§ **Task requirements**
When you reach the line with "drape coat+choli tank + bowie pant" in the records below, begin transcribing exactly and continue up to and including the line with "Rotary Coupling Diagram", leaving out every picture.

§ **Raw data**
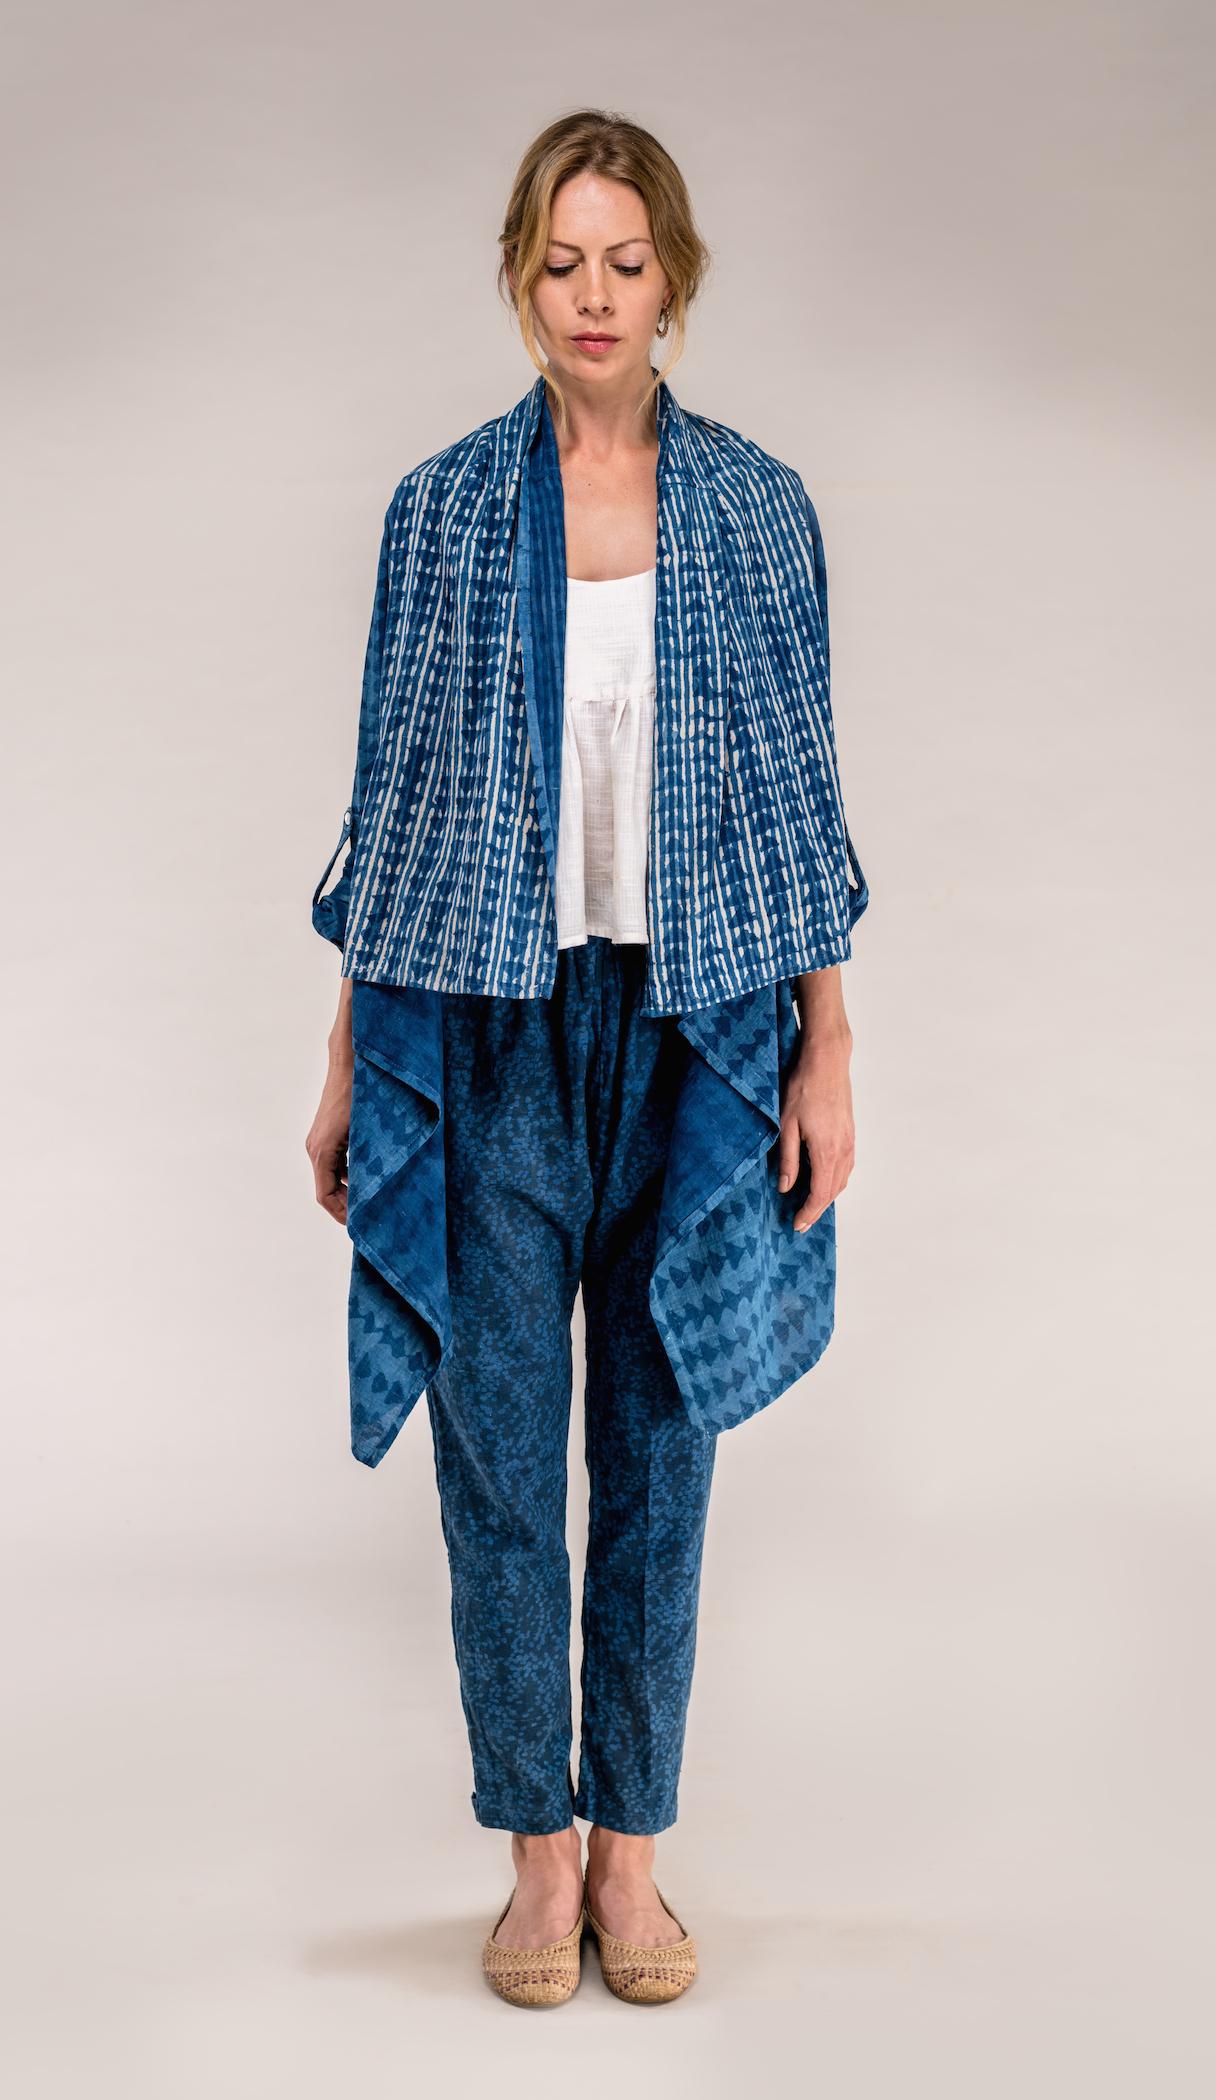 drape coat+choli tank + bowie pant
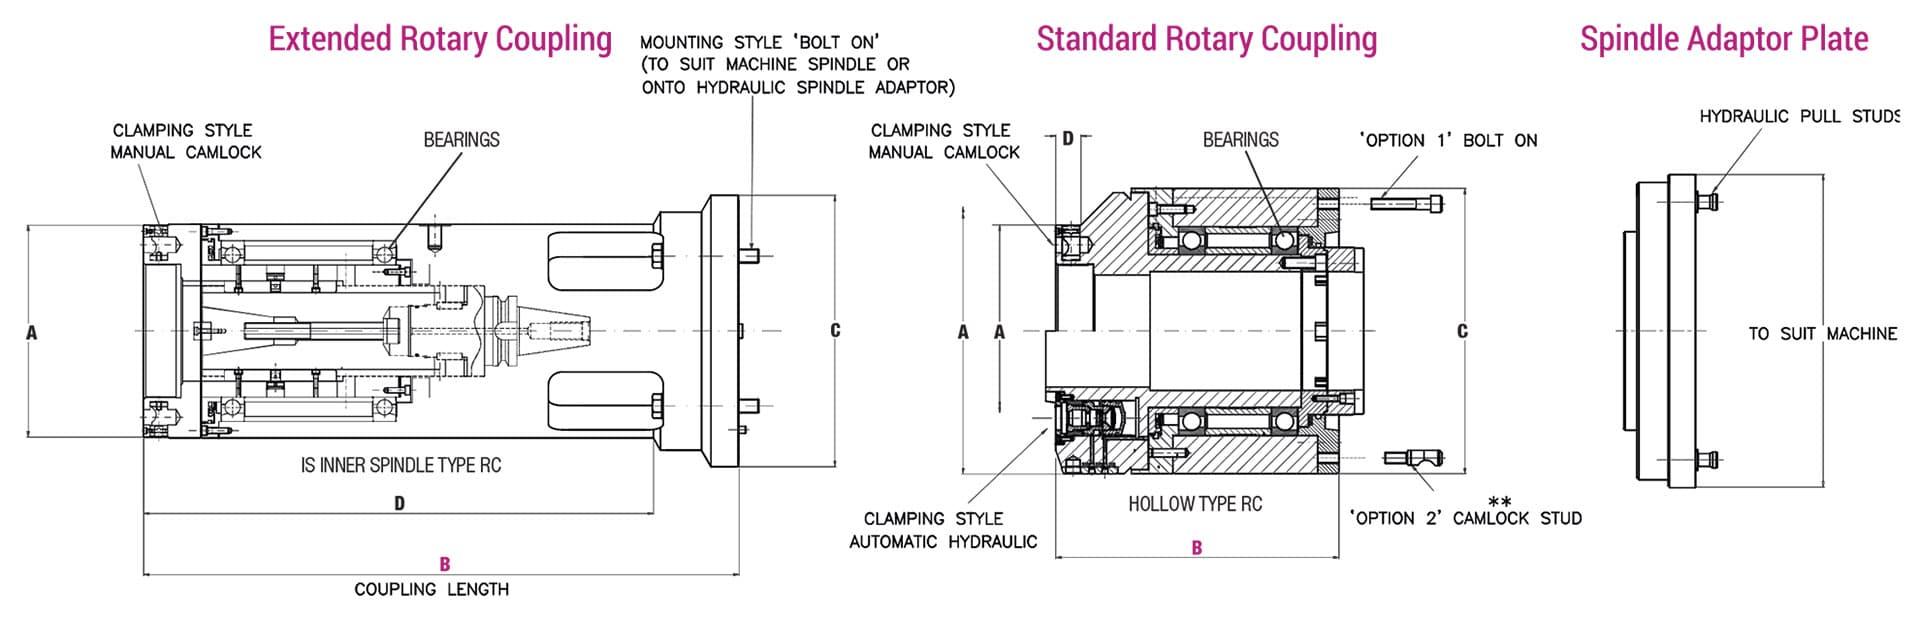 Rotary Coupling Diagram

==

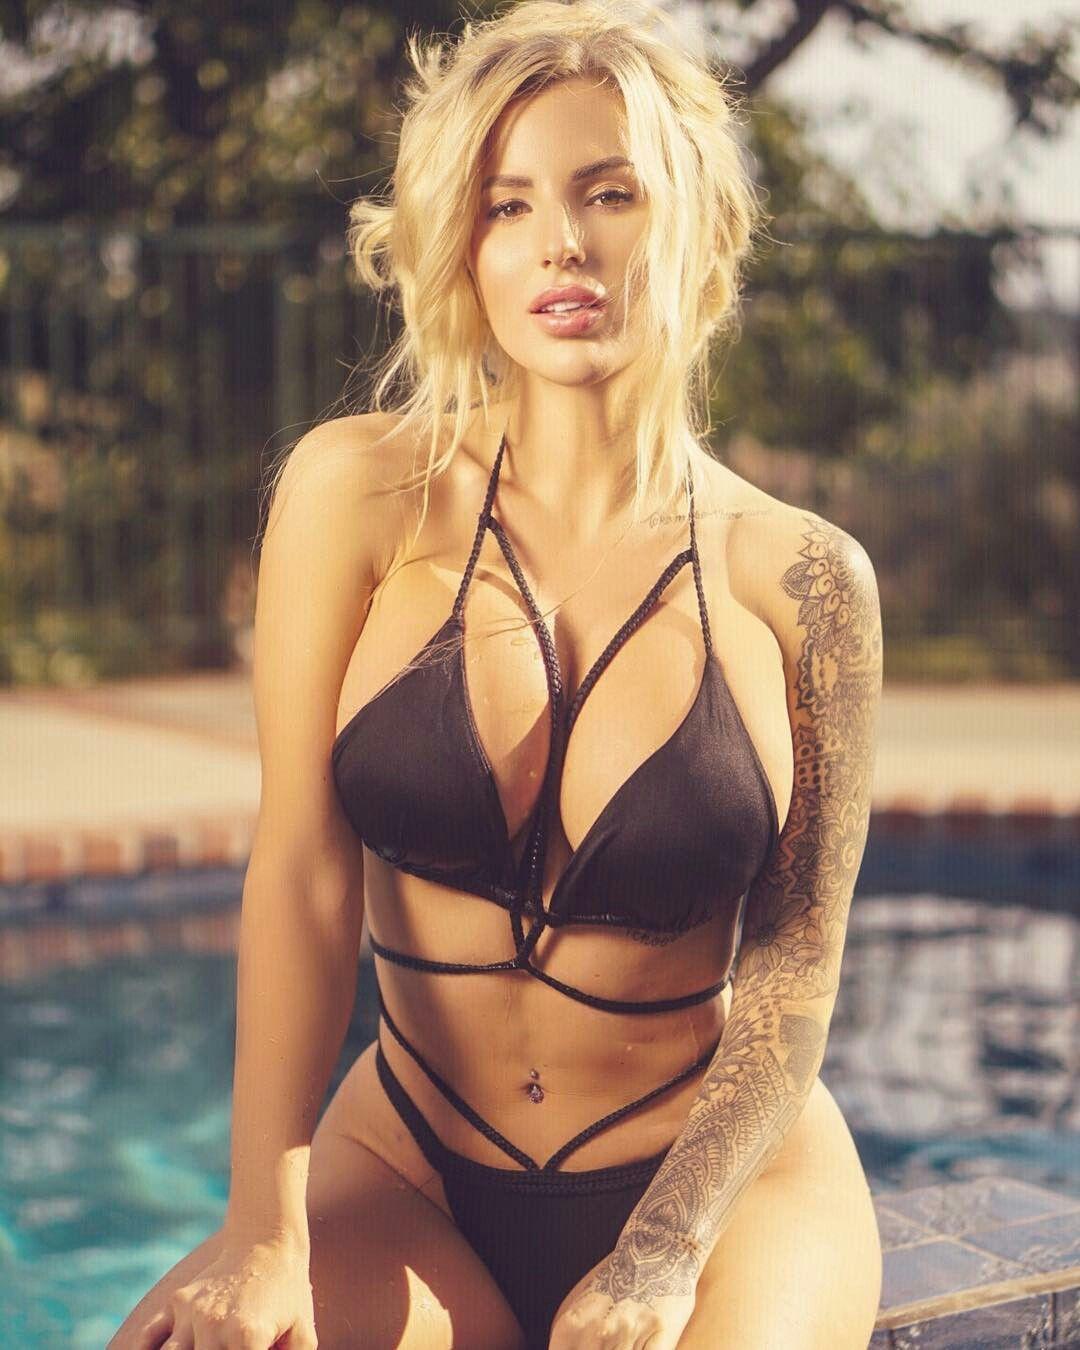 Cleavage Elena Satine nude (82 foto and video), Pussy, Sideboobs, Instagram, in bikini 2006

§ **Task response**
 drape coat+choli tank + bowie pant
 Rotary Coupling Diagram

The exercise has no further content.